Response Module
Hackathon


Multi-node
GPU Challenge

Machine Learning Hackathon 

Who should join?

If you have some experience in deep learning frameworks (for instance PyTorch or TensorFlow) you should join our challenge.

What’s the goal?

The aim of the challenge is to code a multi node/multi GPU template, preferably in one of the leading frameworks (PyTorch or TensorFlow), alternatively in an established framework (for instance Caffe). 

Who wins?

The multi node/multi GPU template that combines linear scalability (priority 1) and execution time (priority 2) in the most efficient way. Datasets can be chosen freely (Pascal VOC, MS COCO etc.), whereas default datasets would be considered more valuable due to better comparability. 

When do we start?

Registrations are open until 16th April. The Hackathon kick-off call is scheduled for 19th April. The challenge will last about 6 weeks, until 31st May. The winner will be informed shortly after the end of the challenge.

Why join?

Besides building fun multi-node/multi-GPU templates, a major benefit to participating in the Hackathon is the winners’ prize: a FUJITSU Workstation CELSIUS M7010X with NVIDIA® GeForce RTXTM 2080 Super 8GB and a powerful 12-core Intel® CPU (4.80 GHz), which is ideal for high-end CAD, M&E, rendering and simulation applications.

Top 30 patent applicants by number of patent families

Hackathon Details

The goal of this hackathon is to create a template based on TensorFlow or PyTorch that enables multi-node/multi-GPU training.

Template means that the focus is on the "how to train" = Multi Node/Multi GPU to ensure a highly efficient scale-out scalability. The template should form a kind of "framework", where the user of the template fully concentrates on the implementation of his data and does not have to think about how to train optimally.

Background: In many projects the aspect of scalability in the sense of a real scale-out is neglected. This is aggravated by the fact that the scale-out capabilities of available frameworks are either not optimal in this respect or are still relatively new, so that solution approaches often continue to concentrate on the topic of scale-up. Also developer systems which are frequently Single Node/Multiple (or also single) GPU's based, complicate the software development since the adjustment on Multi Nodes/Multi GPUs with additional expenditure and costs are connected.

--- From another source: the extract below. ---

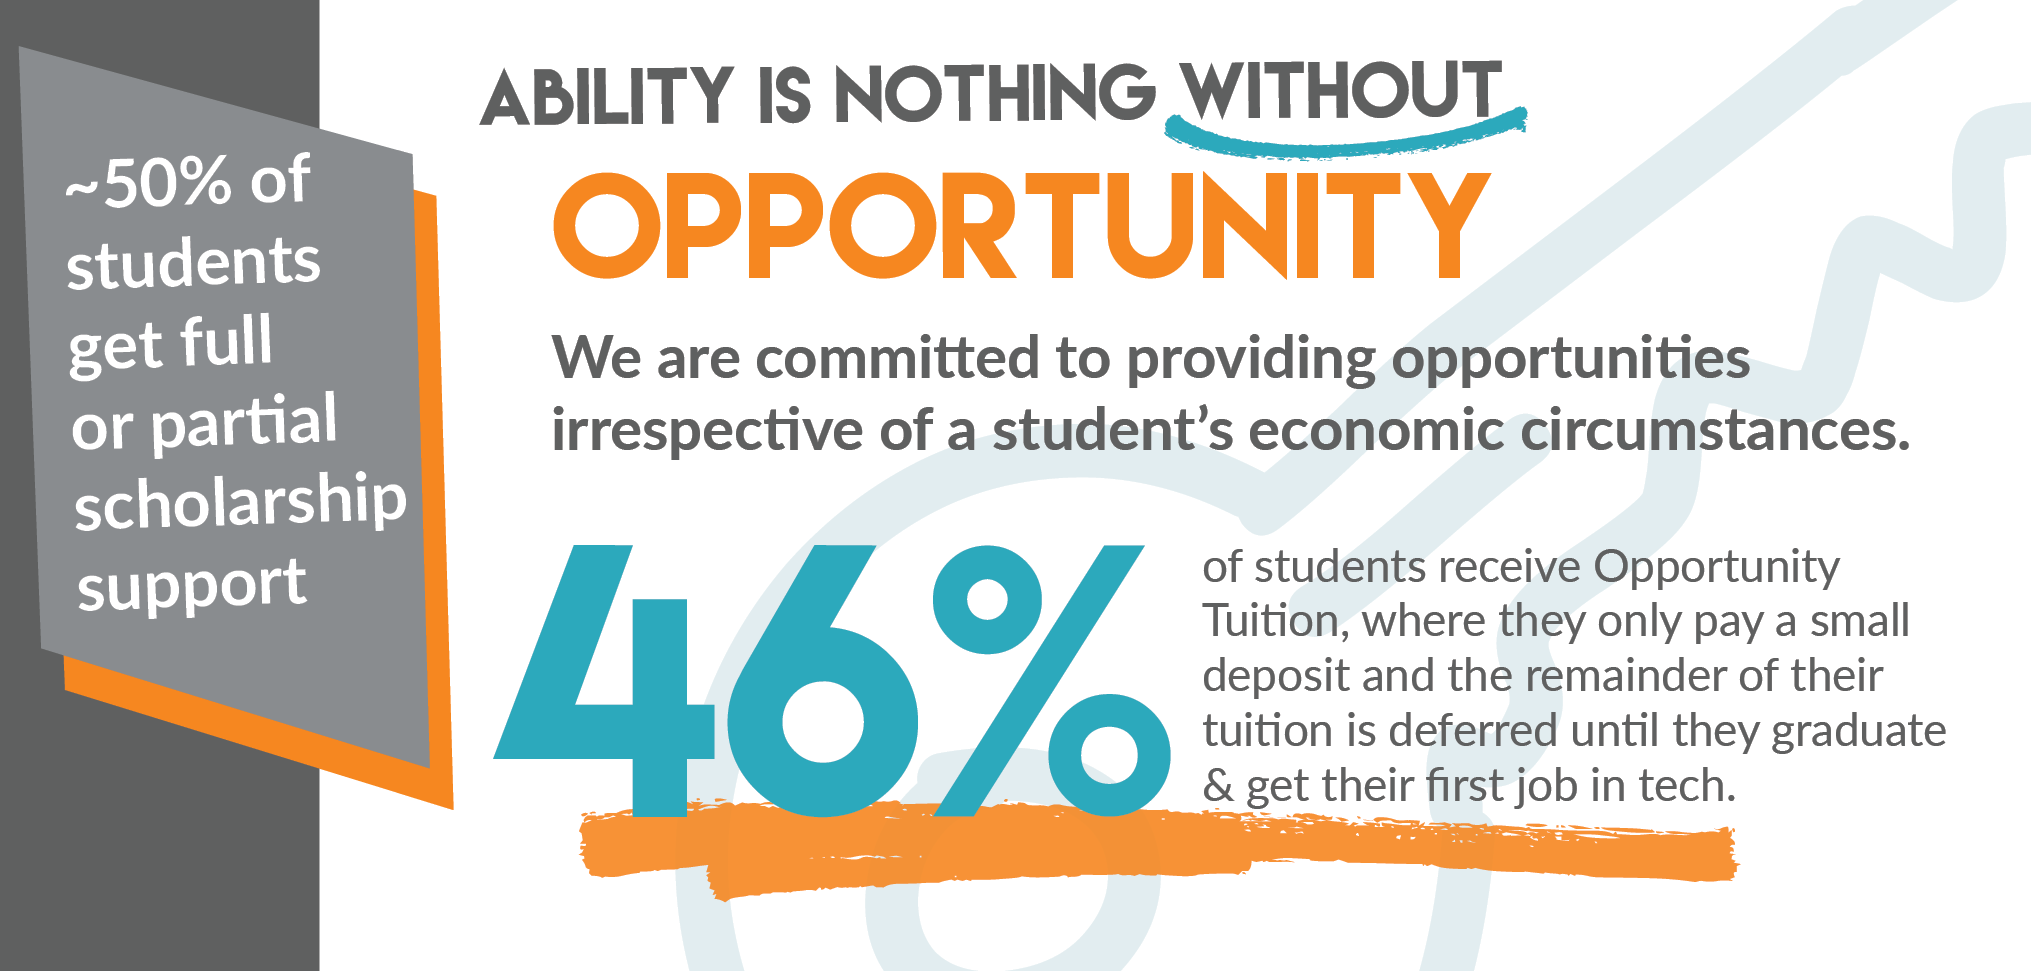 Ability is nothing without opportunity - approximately 50% of students get full or partial scholarship support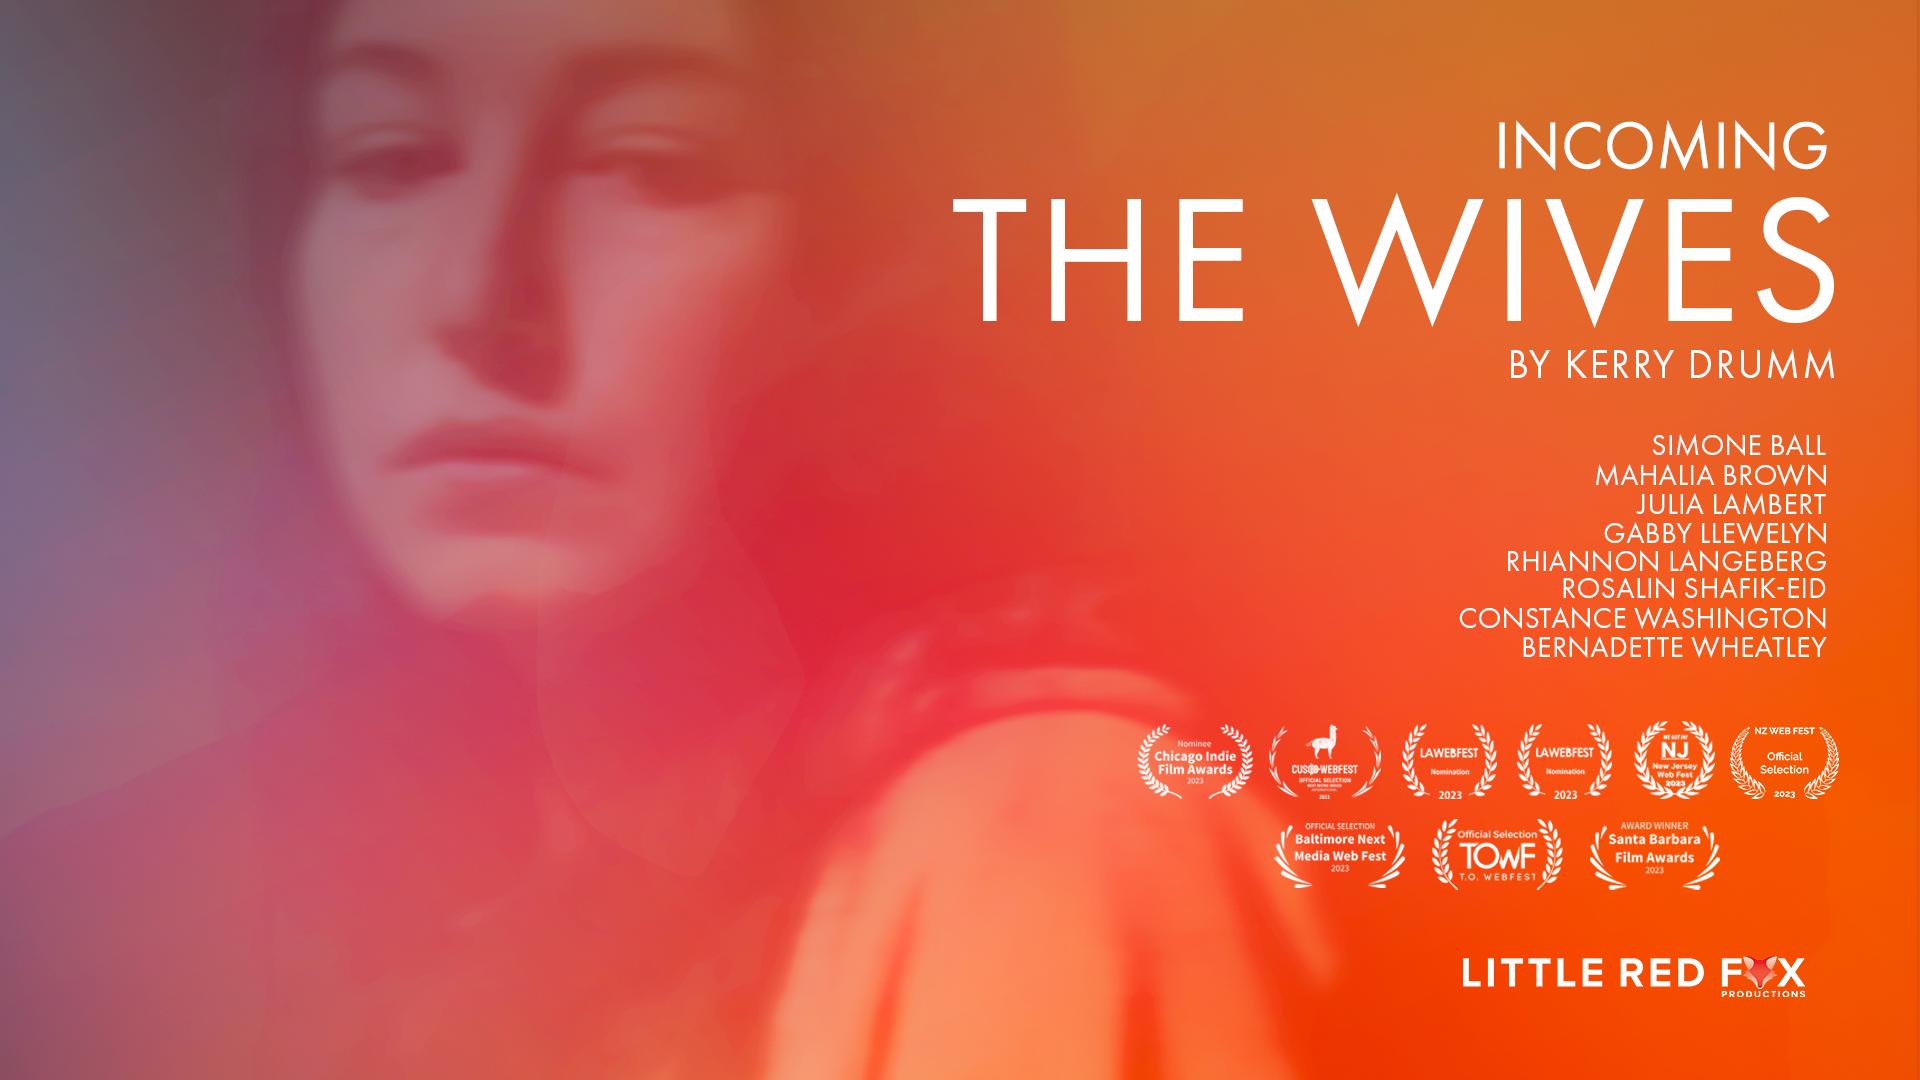 Incoming: The Wives - Episode 2: War on Love, Episode 3: NOK and Episode 4: Band of Wives

Even if Multi Node training often does not seem to be necessary, another point of view helps here: A service provider, for example, usually has an interest in processing AI workloads in an extremely short time in order to be able to serve many AI requests with the available infrastructure and the required SLAs.

Therefore, it is much less about "what is trained". That is, the selection of data and desired results is secondary, what matters is scaling as linearly as possible on multiple nodes.

The result is then tested on the data-driven transformation platform, on which besides a DGX also 2 nodes with 2 x V100 each are used. The DGX can test scale-up capabilities (single node, multiple GPU's) while the 2 nodes validate the actual approach of the hackathon.

On request, the system can be made available at specific timeslots. Ideally for final test and evaluation.

Registrations for this challenge are closed now.